I have to confess I don't particularly like this write-up. I wrote a full write-up of the incident and they've pretty much left out the facts and written up a pretty poor, humourless article. There's no mention of my REAL wall, the headline screams that the council have actually levied the fine, which they haven't and the picture is a generic pic not one that I sent. I'm most miffed that your protest mail hasn't made it into print anywhere too, which is a real shame.
Oh well, any publicity is better than nothing I guess, and I've finally got some time to get your protest post to the council this weekend, so watch this space.
Quote of the weekend came from Khiem who said about the council
"I think I might just call them and tell them to write you a public apology to save themselves a world of pain"
I think he might be on to something there...
Here's what we saw when we turned up at Tower Bridge for the filming of the next Nokia advert yesterday.
A 50ft screen shaped like an arrow was hanging from a crane advertising Nokia maps.
I was scheduled to have the message
"Thanks to all the people who have sent post to my REAL wall. The council will never get us!"




Readers I need your help ASAP!
Yesterday I saw an advert which read
"Have a special announcement to make? We will make your message spectacular. Service is free of charge, first come first served"
I thought about it for about 2 seconds and picked up the phone. Having a chat with the boss of a large advertising company I talked them through my recent my REAL wall/council windup and said that the announcement I would like to make would be something like
"Sending postcards is not a crime - leave us post fans alone Hammersmith council!"
The guy liked the sound of it and has booked me in to film on Saturday.
The idea is that they are putting up a 50ft billboard somewhere in London to display this message.
I need to send them an appropriate message by the end of today, and thought I would open this one out to my readership.
So, what should the billboard say? Think my REAL wall. Think council. Think text message/twitter length wit.
And hurry up about it!
On Friday, I got a call from my mortgage advisor telling me that the Sunday Times had been in touch with him. They wanted to interview a young couple who had recently taken out a mortgage, and so he thought of me and Elena, and gave me a call.

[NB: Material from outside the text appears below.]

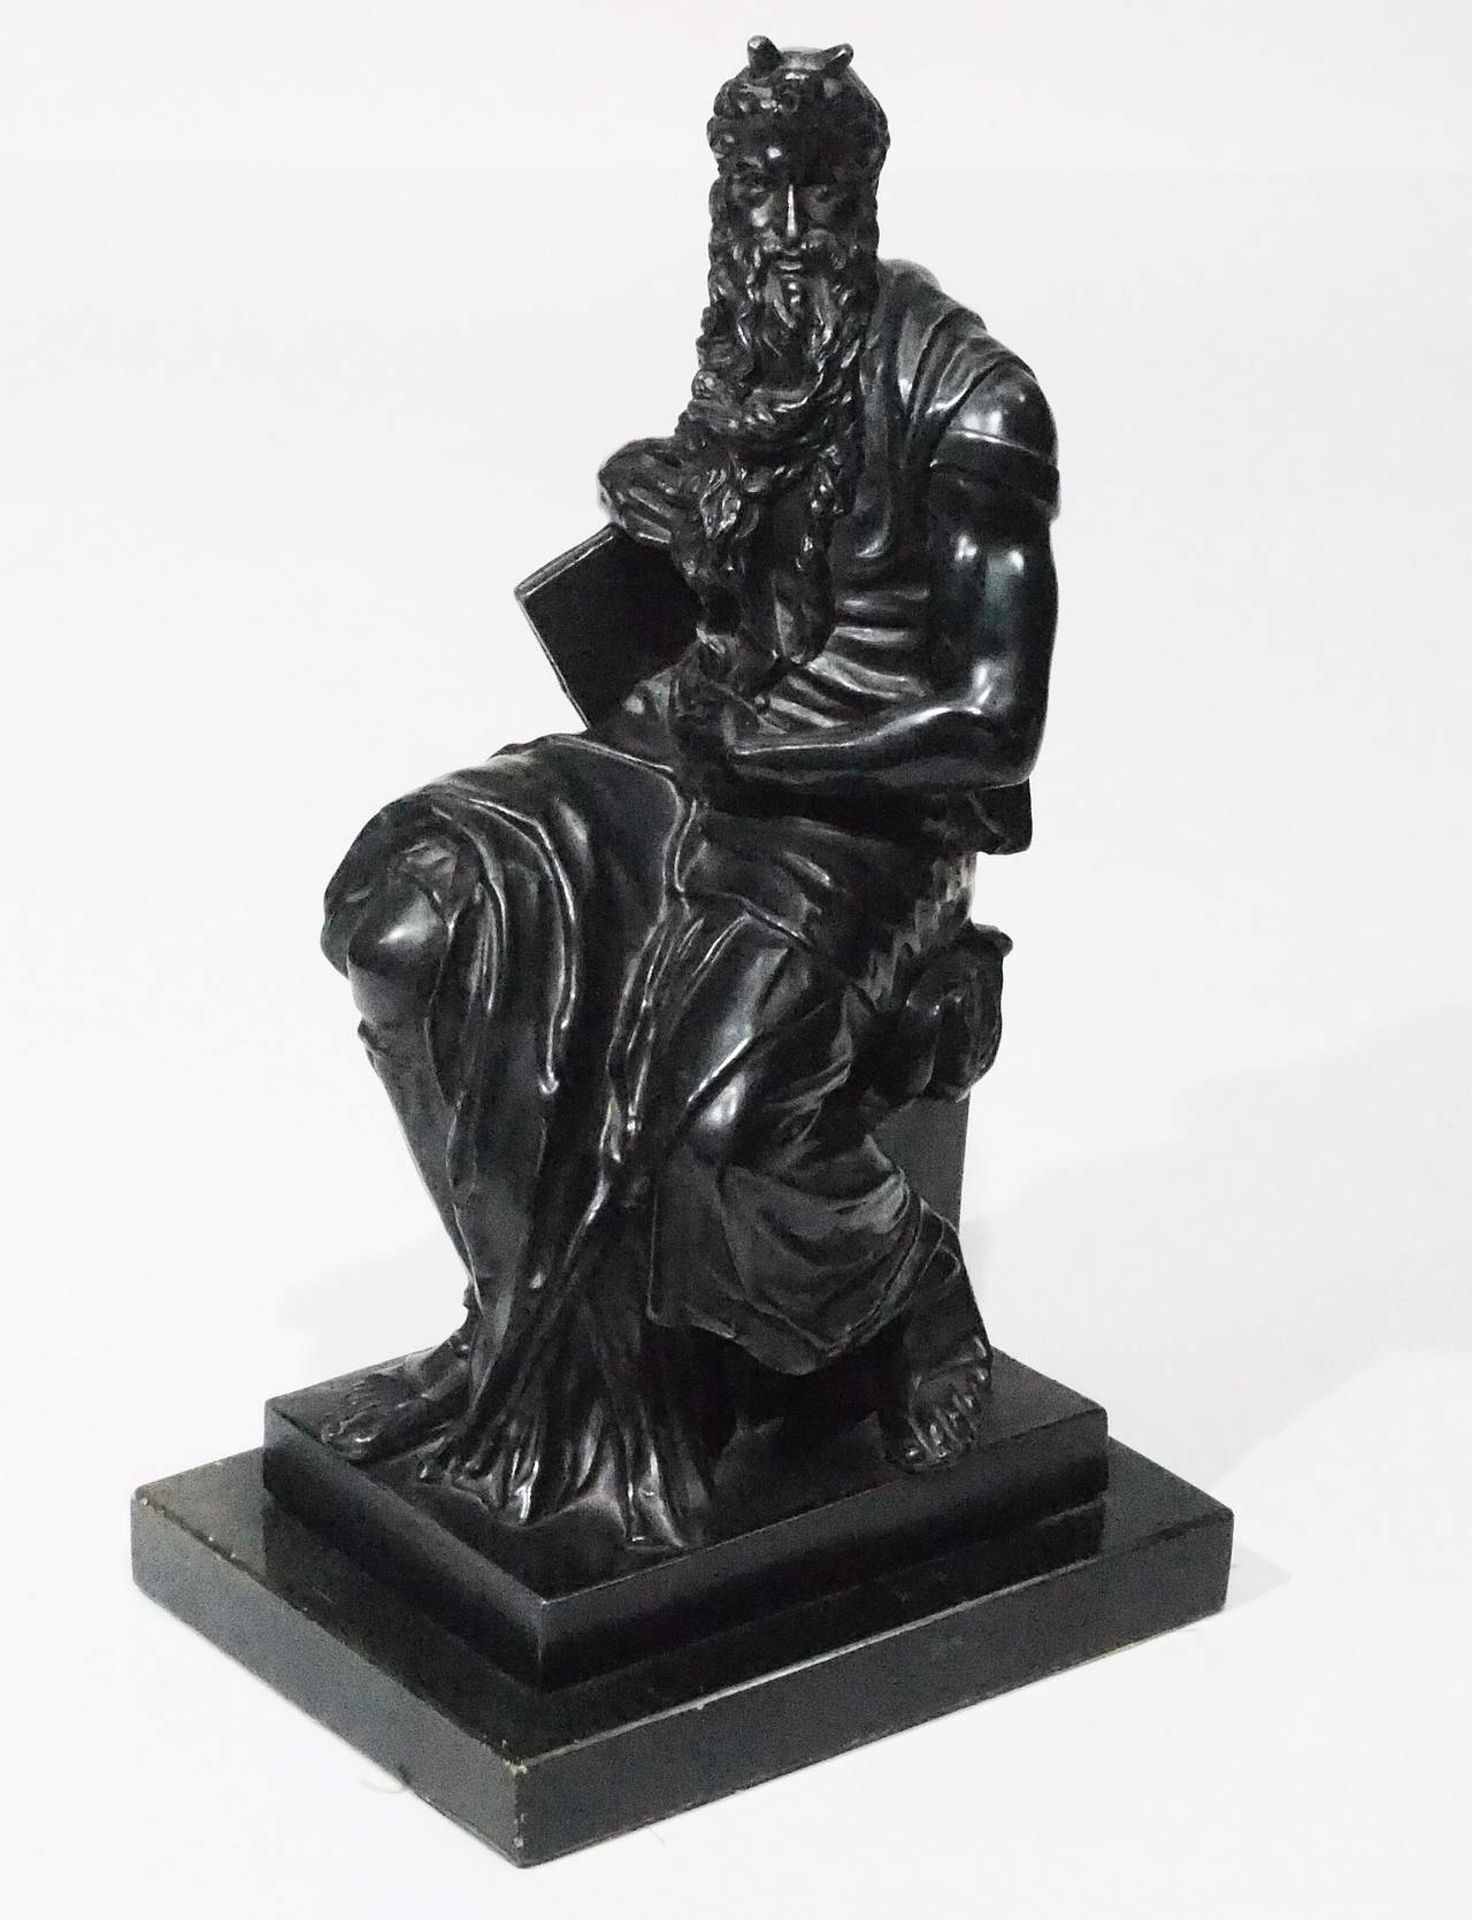 Figurengruppe "Der gehörnte Moses", nach Michelangelo Buonarroti (1475 - 1564) - Image 3 of 8

The paper arranged for a photographer to be around in an hour and interviewed me on the phone as to why I chose the mortgage I did and next thing you know, me and Elena were on the front page of the Sunday Times money section!
I could hardly believe my eyes on Sunday, when I picked up the paper and saw our thumbnail on the front page in the top left hand corner, the very first thing you see when you turn to the money pages, and all my friends have remarked how little sense it makes that I, who care not a jot about the stuff, should be there looking like some money guru! As Jason says "...it just doesn't compute"
Amusingly, the paper reported my name as Anthony Hoang, the second time that my name has been spelt wrong in the papers. And yes everyone I know has ripped the piss out me for that already, so feel free to add yours below...
For REAL wall fans, me and Elena tried our very hardest to get your mail in.
The picture on the front page, which is also featured on the online version of the story was taken with the official REAL wall as the white background. The photographer was looking for a white background and said "Could you take those postcards down and we'll take the picture over there"
D'oh!
Inside the paper, on page 4 me and Elena are pictured on the stairs. After clearing the place up a little, Elena slyly draped Okadascat's knitted banner across the top of a table in front of us, and I set up a postcard from Richard Canard at our feet on the staircase.